Since you've got a bitmap, you could use a bitmap algorithm.
Here's a working example (in JSFiddle or see below). (Firefox, Chrome, but not IE)
Pseudocode:
// part 1: occlusion
mark all pixels as 'outside'
for each pixel on the edge of the image
draw a line from the source pixel to the edge pixel and
for each pixel on the line starting from the source and ending with the edge
if the pixel is gray mark it as 'inside'
otherwise stop drawing this line
// part 2: edge finding
for each pixel in the image
if pixel is not marked 'inside' skip this pixel
if pixel has a neighbor that is outside mark this pixel 'edge'
// part 3: draw the edges
highlight all the edges
At first this sounds pretty terrible... But really, it's O(p) where p is the number of pixels in your image.

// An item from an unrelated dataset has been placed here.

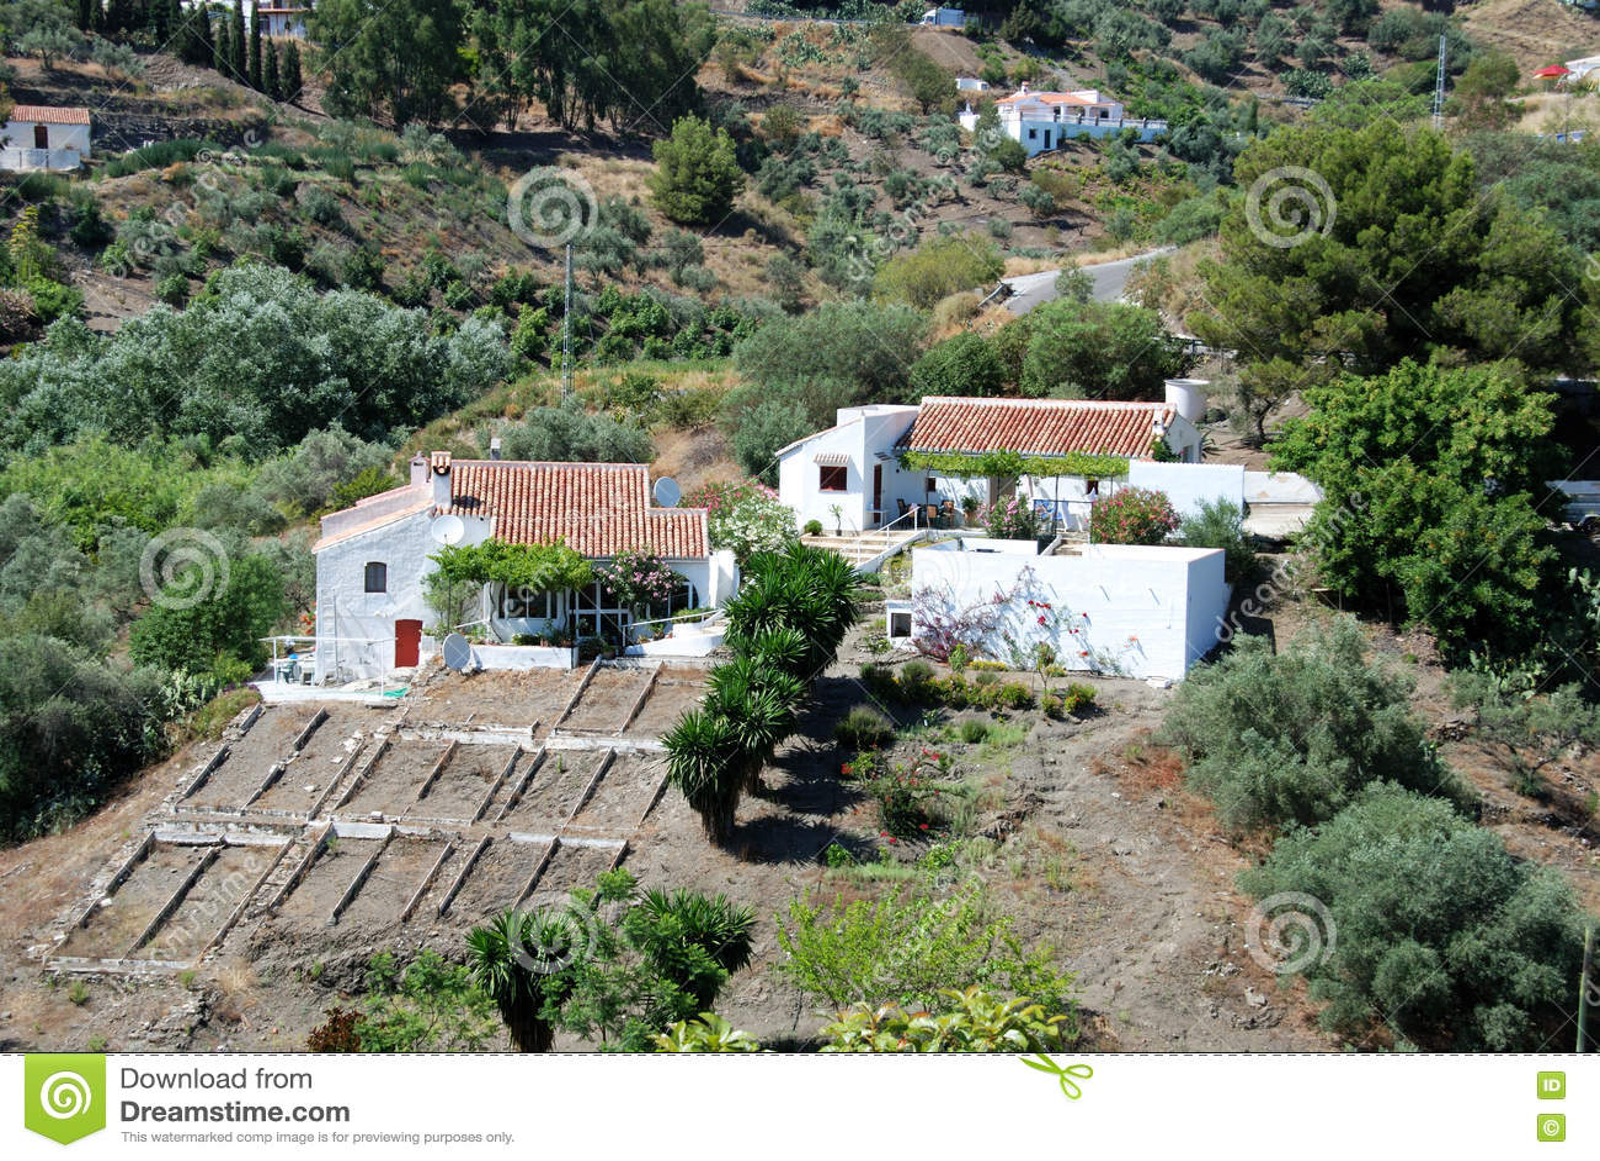 De landbouwbedrijven van het land in de bergen, Andalusia

Full code here, works best full page:
var c = document.getElementById('c');
c.width = c.height = 500;
var x = c.getContext("2d");
//////////// Draw some "interesting" stuff ////////////
function DrawScene() {
x.beginPath();
x.rect(0, 0, c.width, c.height);
x.fillStyle = '#fff';
x.fill();
x.beginPath();
x.rect(c.width * 0.1, c.height * 0.1, c.width * 0.8, c.height * 0.8);
x.fillStyle = '#000';
x.fill();
x.beginPath();
x.rect(c.width * 0.25, c.height * 0.02 , c.width * 0.5, c.height * 0.05);
x.fillStyle = '#000';
x.fill();
x.beginPath();
x.rect(c.width * 0.3, c.height * 0.2, c.width * 0.03, c.height * 0.4);
x.fillStyle = '#fff';
x.fill();
x.beginPath();
var maxAng = 2.0;
function sc(t) { return t * 0.3 + 0.5; }
function sc2(t) { return t * 0.35 + 0.5; }
for (var i = 0; i < maxAng; i += 0.1)
x.lineTo(sc(Math.cos(i)) * c.width, sc(Math.sin(i)) * c.height);
for (var i = maxAng; i >= 0; i -= 0.1)
x.lineTo(sc2(Math.cos(i)) * c.width, sc2(Math.sin(i)) * c.height);
x.closePath();
x.fill();
x.beginPath();
x.moveTo(0.2 * c.width, 0.03 * c.height);
x.lineTo(c.width * 0.9, c.height * 0.8);
x.lineTo(c.width * 0.8, c.height * 0.8);
x.lineTo(c.width * 0.1, 0.03 * c.height);
x.closePath();
x.fillStyle = '#000';
x.fill();
}
//////////// Pick a point to start our operations: ////////////
var v_x = Math.round(c.width * 0.5);
var v_y = Math.round(c.height * 0.5);
function Update() {
if (navigator.appName == 'Microsoft Internet Explorer'
|| !!(navigator.userAgent.match(/Trident/)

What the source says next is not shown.